The most obvious form of ordinal measurement is rank-ordering. In order to get the feel of this form of measurement, please take a moment to arrange the items that were just mentioned(i) enjoying a good family life, (ii) enjoying good friends, (iii) achieving career success, and (iv) having plenty of moneyin accordance with how important a role they play in your aims and hopes for what your life will be ten or fifteen years from now. Give the most important item the rank of "1", the second most important item the rank of "2", and so on. And then, having done it, reflect upon whether this particular measure of your life priorities, incomplete though it certainly is, would be capable of telling an outside observer anything about you that is worth knowing. Assuming that you have performed the rank-ordering seriously and honestly, I think you will agree that the answer is yes. If your rank-ordering ended up as
(1) family; (2) friends; (3) career; (4) money|
it says one thing about you; and if it ended up as
(1) money; (2) career; (3) friends; (4) family|
it surely says something quite different. Clearly this form of measurement is quite a lot weaker than the measurement of inches of width, pounds of weight, and so forth, but is a potentially useful form of measurement all the same. The key to using it well is to understand its limitations.
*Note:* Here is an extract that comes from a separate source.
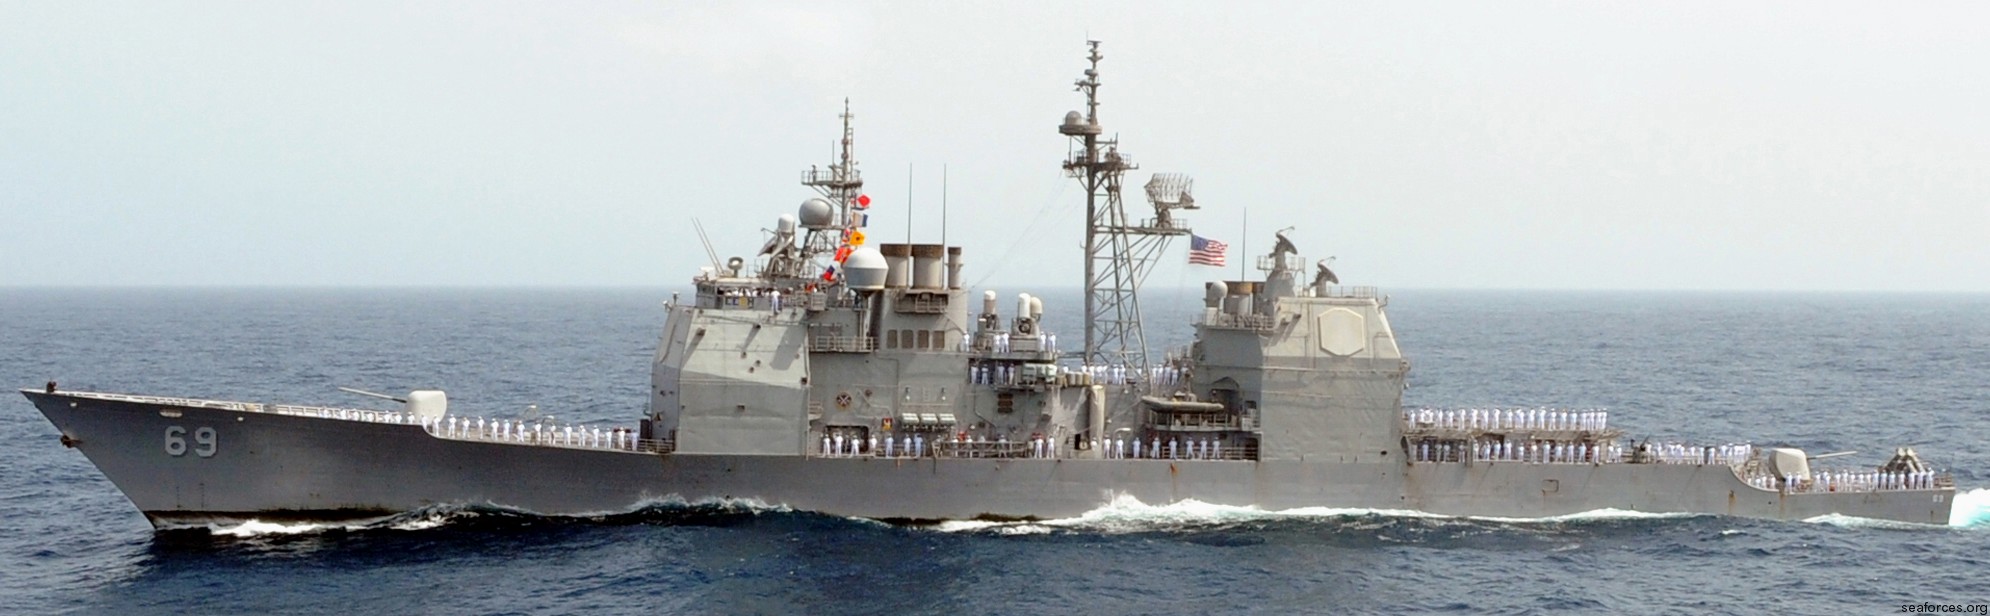 cg-69 uss vicksburg ticonderoga class guided missile cruiser us navy 29 arabian sea

The central limitation of rank-order scales is simply that the successive points on such scales, which in all cases translate down to the ordinal succession "first," "second," "third," and so forth, are not intrinsically separated by equal intervals. Thus, for the hypothetical student who ranks the life-goal items as
(1) family; (2) friends; (3) career; (4) money|
there is no reason whatever to suppose that the difference in importance between family and friends is of the same size as the difference in importance between friends and career, or between career and money. Similarly, for any two students whose rankings came out as
Student A: (1) family; (2) friends; (3) career; (4) money|
Student B: (1) family; (2) friends; (3) career; (4) money
we could certainly say for both of them that enjoying good friends appears to be more important than achieving career success, but there would be no reason at all to suppose that the magnitude of the preference was the same for the first student as for the second. It would be entirely possible that the first student regarded friends as only marginally more important than career, while the second considered friends to be quite a lot more important than career.
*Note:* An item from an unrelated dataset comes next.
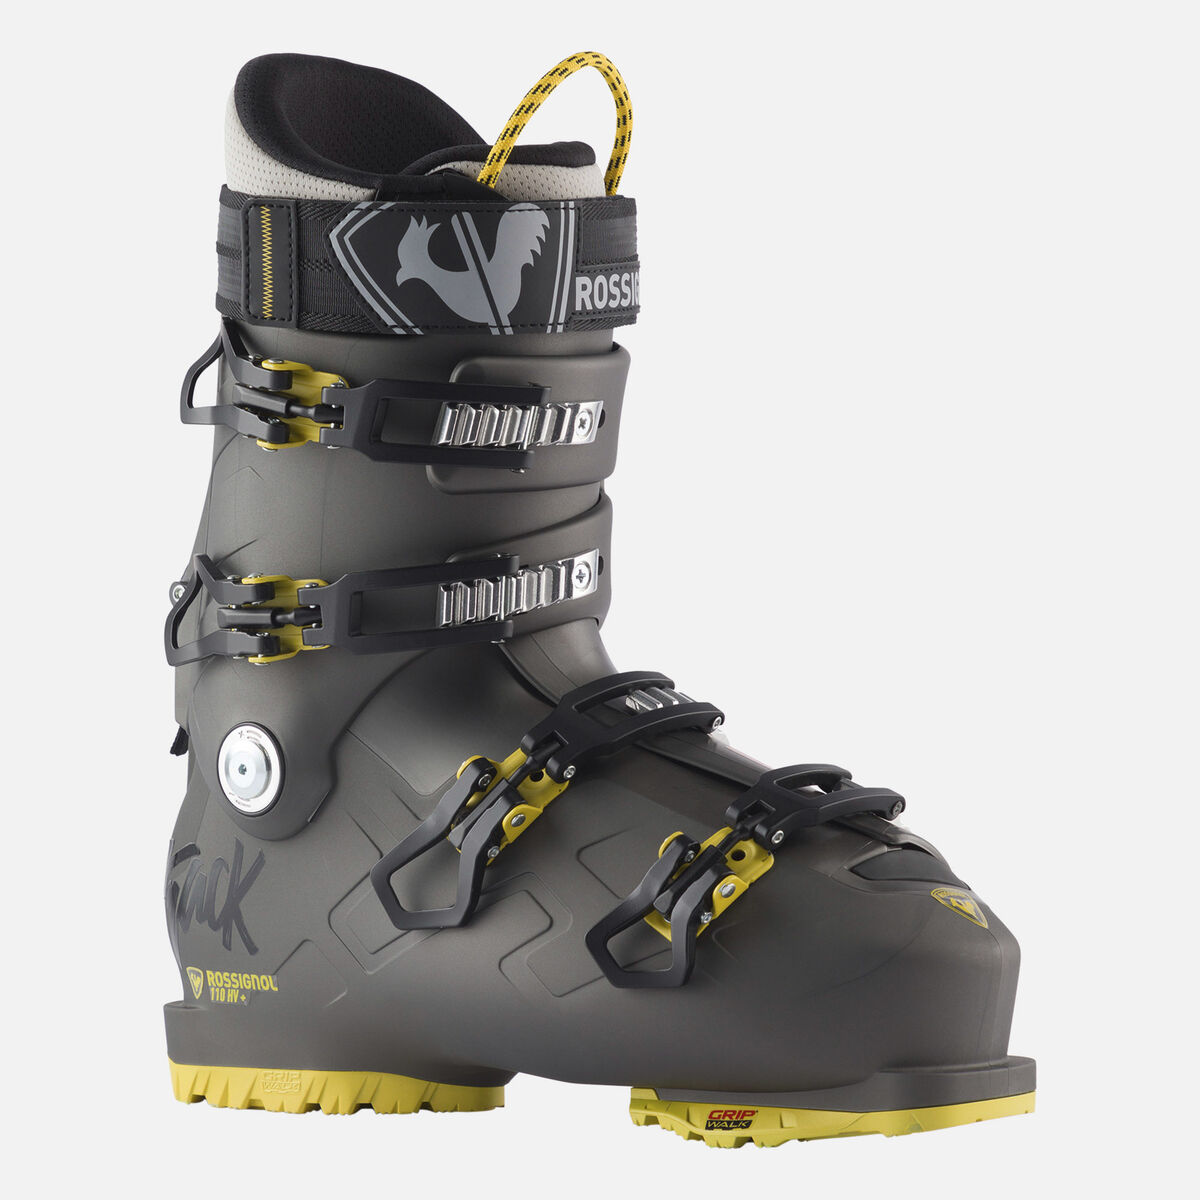 Men's All Mountain Ski Boots Track 110 HV+ Gw

The far-reaching consequence of this limitation is that mathematical operations involving addition, subtraction, and the calculation of averages can be applied to data that derive from a rank-order scale only in certain special circumstances, which in turn severely restricts the kinds of statistical analyses that can be legitimately performed upon such data. We will describe these special circumstances in later chapters as they become relevant. Until then, just bear in mind that while rank-order scales are capable of effectively delineating the ordinal relationships of 'greater than' and 'less than,' that is all they are capable of doing.
A useful but potentially problematical variation on the theme of ordinal scales involves measurement by way of assigning numerical ratings. The usefulness of it stems from the fact that a rating scale is capable of providing somewhat more information than a rank-ordering. To illustrate, consider the two hypothetical students mentioned in the preceding section who had both ranked the four life-importance items, from most important to least important, as:
family > friends > career > money|
Suppose that they were now to rate these same items on a scale from zero to 4, with the units of the scale defined as
To allow them to make fine-grained distinctions, we will stipulate that they can break the scale into fractional units if they so wish; thus, in addition to using the integer values zero, 1, 2, 3, and 4, they can also rate items as, for example, 0.5, 2.6, 3.4, etc. When we mentioned the rank-orderings of these two hypothetical students in the preceding section, we indicated it would be entirely possible that the first student regarded friends as only marginally more important than career, while the second considered friends to be quite a lot more important than career. Here is a set of ratings for them that would correspond to this possibility:
As you can see, the rating scale would still reflect the same bare ordinal relationships of greater than and less than, but it would also potentially reveal a texture in these relationships that goes beyond the merely ordinal. Both students rate family and friends quite high on the scale, but whereas student A also rates career and money within the range between quite important and exceedingly important, student B places them down toward the bottom of the scale.
The critical difference between rank-ordering and rating is that, whereas the points on a rank-ordering scale (first, second, third, etc.) delineate ordinal relationships and nothing other than ordinal relationships, the successive points on a rating scale represent intervals, in something of the same way that the scale points on a yard stick (6 inches, 7 inches, 8 inches, etc.) or a thermometer (66°F, 67°F, 68°F, etc.) represent intervals. Hence the ability of a rating scale to take us somewhat beyond the merely ordinal.
Please note well, however, that the operative word here is "somewhat." Rating scales can take us somewhat beyond the merely ordinalbut that does not mean that they take us anywhere near where an equal interval scale would take us. When rating scales are represented pictorially, they usually end up looking something like this
which is, of course, highly suggestive of an equal interval scale. The resemblance, however, is superficial and entirely illusory; for while it is true that the rating scale is divided up into intervals, these intervals are not intrinsically equal.
For student A, there is no reason at all to suppose that the distance between 4 and 3 on the rating scale is the same as the difference between 3 and 2, or between 2 and 1, or between 1 and zero. The same is true for student B and for anyone else who might be rating items on this or any other rating scale. Moreover, there is no reason to suppose that the difference between 4 and 3 for student A is the same as the difference between 4 and 3 for student B; and so on.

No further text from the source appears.